The Neurophysiological Index (NI)

The neurophysiological index (NI) is defined as NI = (ulnar CMAP amplitude/distal motor latency) X F-wave persistence and was introduced by Swash and de Carvalho in 2004.⁶⁵ By dividing the CMAP by the distal motor latency and then multiplying by the F-wave persistence (the former increasing and the latter decreasing in progressive disease), the premise was that the NI should be a sensitive biomarker of disease progression. Importantly, these data are easy to gather, since they are obtained during standard electrophysiological evaluation and only require a few more stimuli (to fully evaluate for F-wave persistence) beyond a typical nerve conduction study. While there has been relatively limited follow-up of this concept, a recent study has shown that the NI is very sensitive to disease progression over a several month period. This appears mainly to be due to changes in CMAP amplitude rather than F-wave persistence or distal motor latency ⁶². In addition, there has been no longer-term study (e.g., over the typical clinical trial length of 6 months or 1 year), and its test-retest repeatability is unknown. Nevertheless, further study of this easily obtained value is clearly warranted.

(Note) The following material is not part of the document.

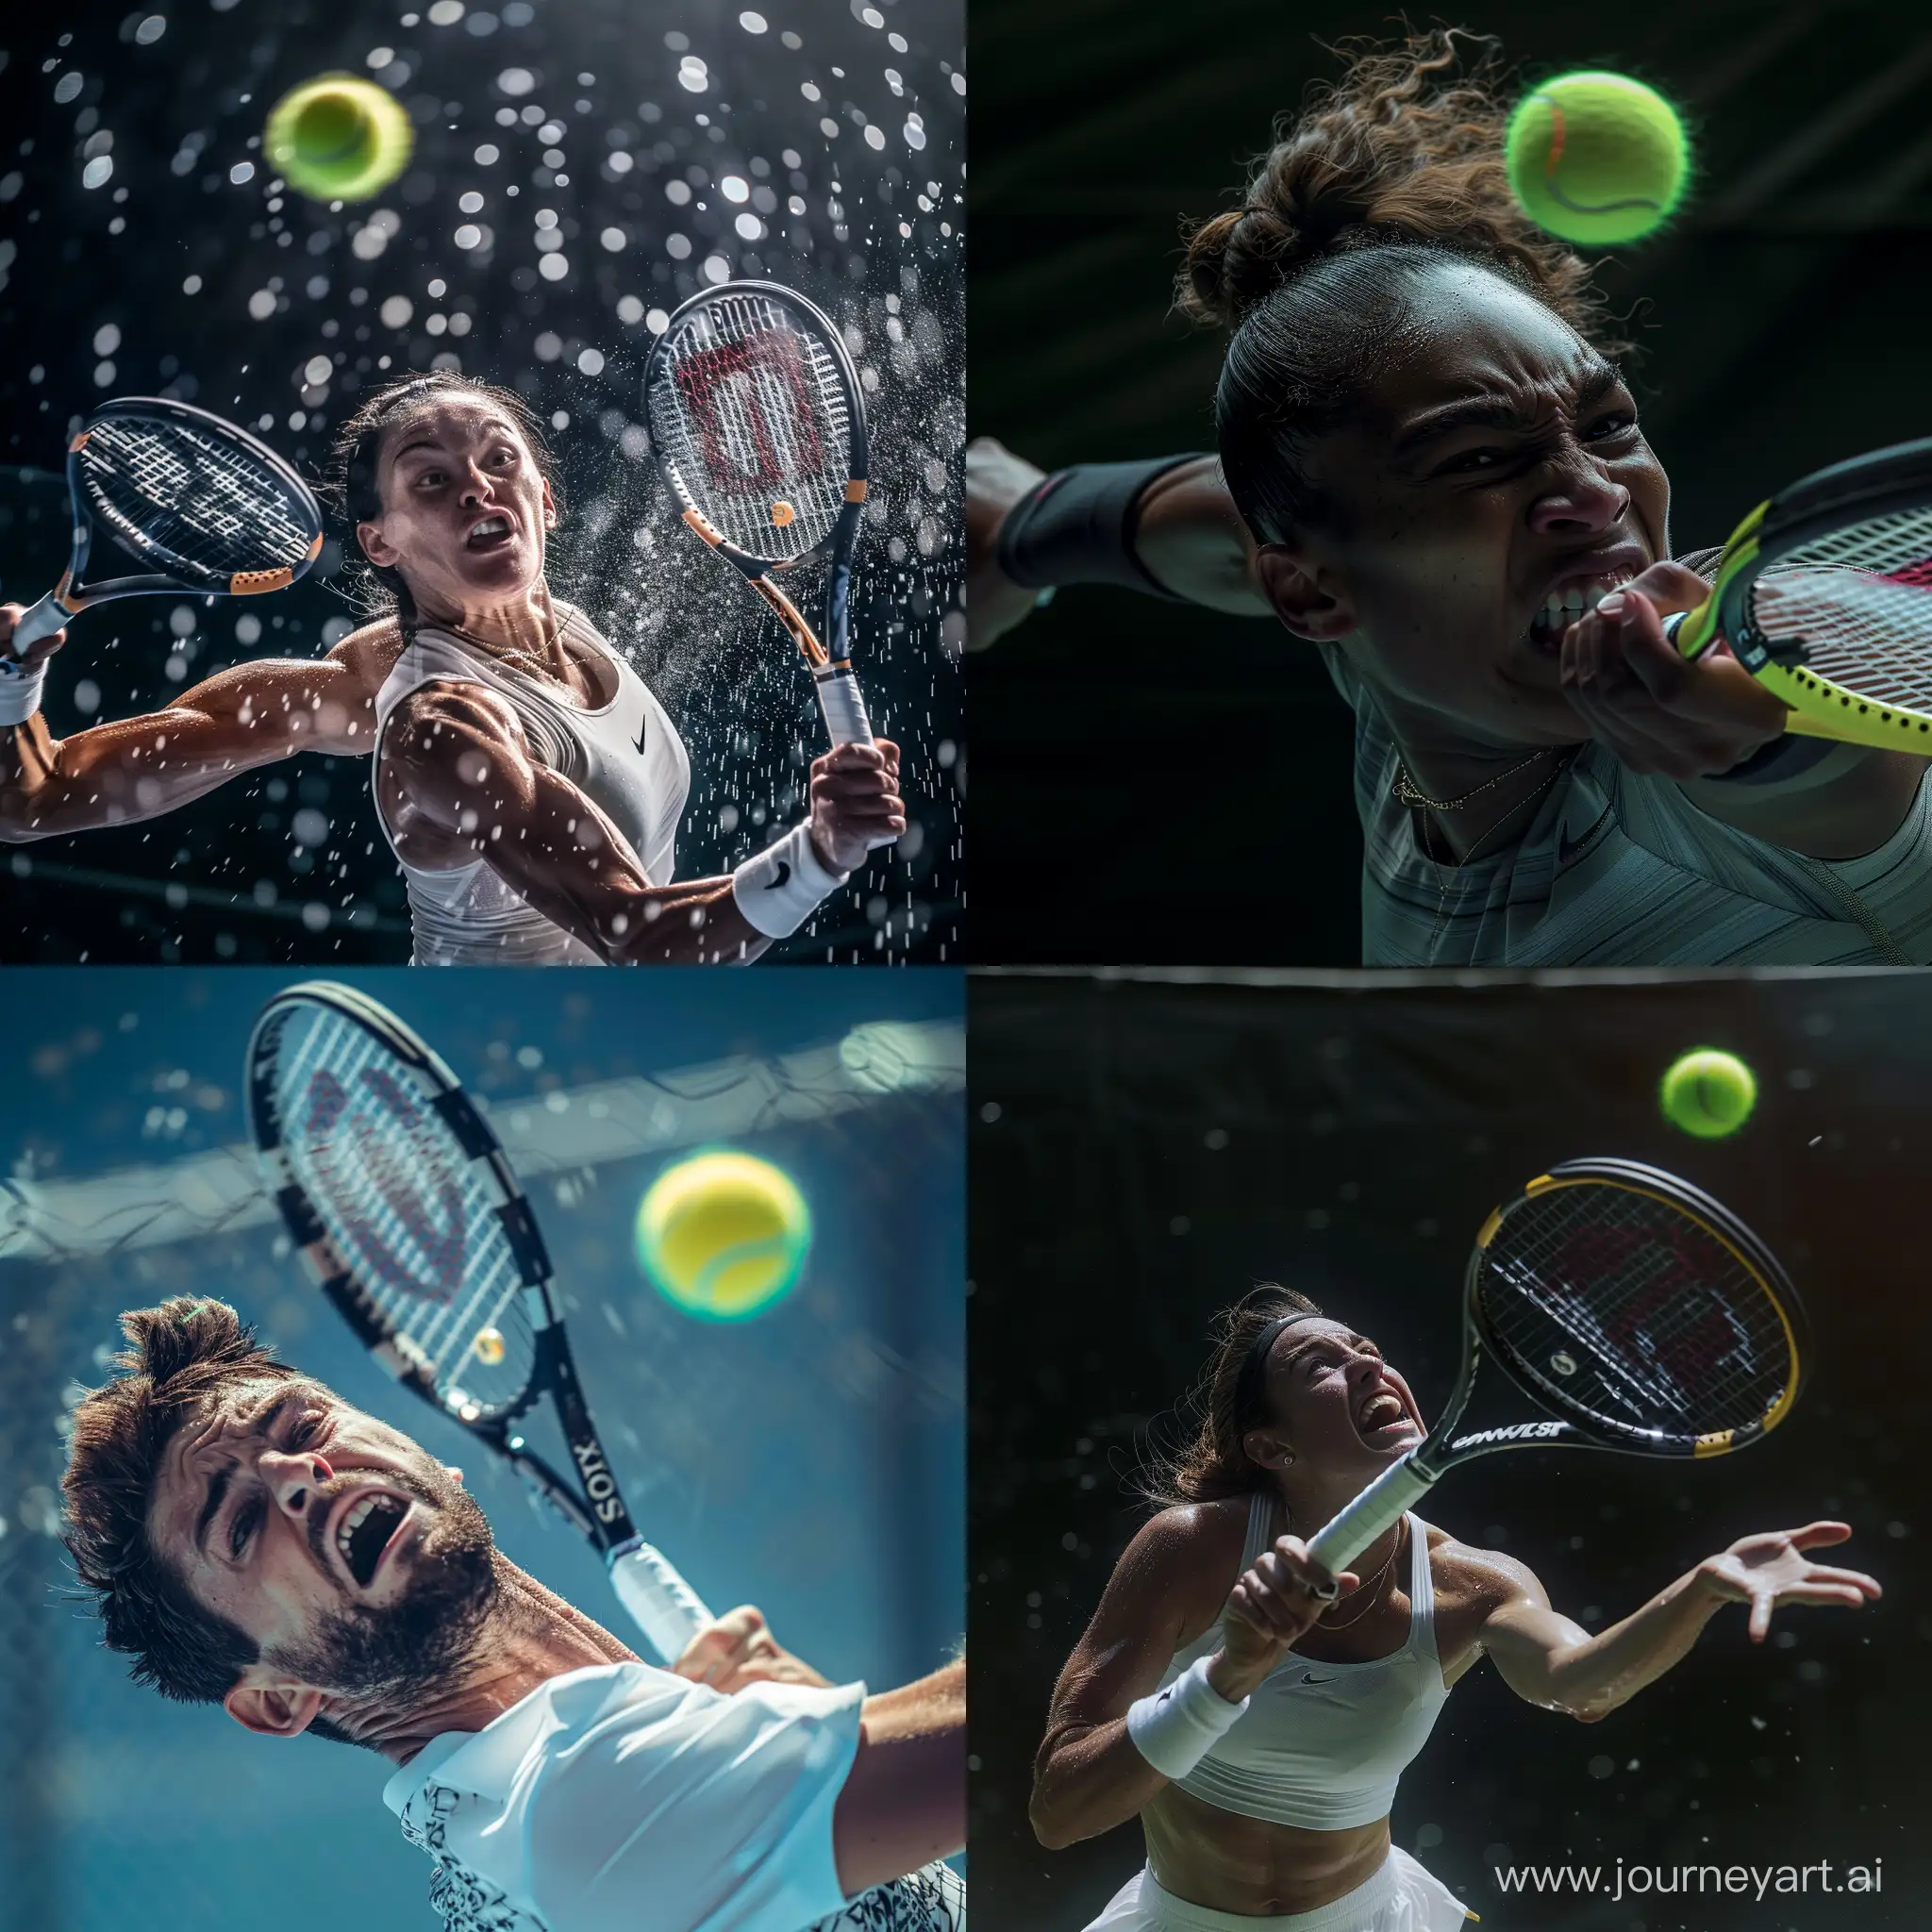 Intense-Tennis-Serve-Athlete-in-Action-with-HighSpeed-Detail

Motor unit number estimation and motor unit number index

MUNE is perhaps the most theoretically compelling electrophysiologic biomarker for evaluating ALS progression and drug efficacy. Put simply, MUNE attempts to estimate the number of motor neurons innervating a muscle or muscle group ⁶⁶. This is accomplished by first obtaining a standard CMAP, usually from the abductor pollicis brevis or abductor digiti quinti muscle in the hand. Then, a variety of techniques are used to identify the average size of the single motor unit potentials (SMUPs) that contribute to that CMAP. The first described and most conceptually straightforward approach is via incremental stimulation ⁶⁶. In this MUNE version, stimulus intensity over the nerve is gradually increased, and the size of the steps in amplitude with successive elevations in stimulation is measured. The average size of the steps is then calculated, and that size divided into the CMAP to obtain the MUNE. A second conceptually straightforward approach is the multipoint stimulation technique in which the nerve is stimulated at different points along its length at very low levels with an effort to obtain a series of unique low-threshold SMUPs, and the amplitude of each is measured ⁶⁷. The average size of 10 of these SMUPs is then divided into the CMAP to obtain the MUNE. Other methods incorporate various versions of these basic approaches, some incorporating the use of F-waves or needle recording of the action potential ^{61, 68}. Another somewhat different approach, termed the motor unit number index (MUNIX), has been developed. After obtaining the CMAP, voluntary contraction of the muscle is made at various intensity levels, and the surface interference pattern is measured and divided into the CMAP value to provide an index of motor units rather than a true MUNE value ⁶⁹.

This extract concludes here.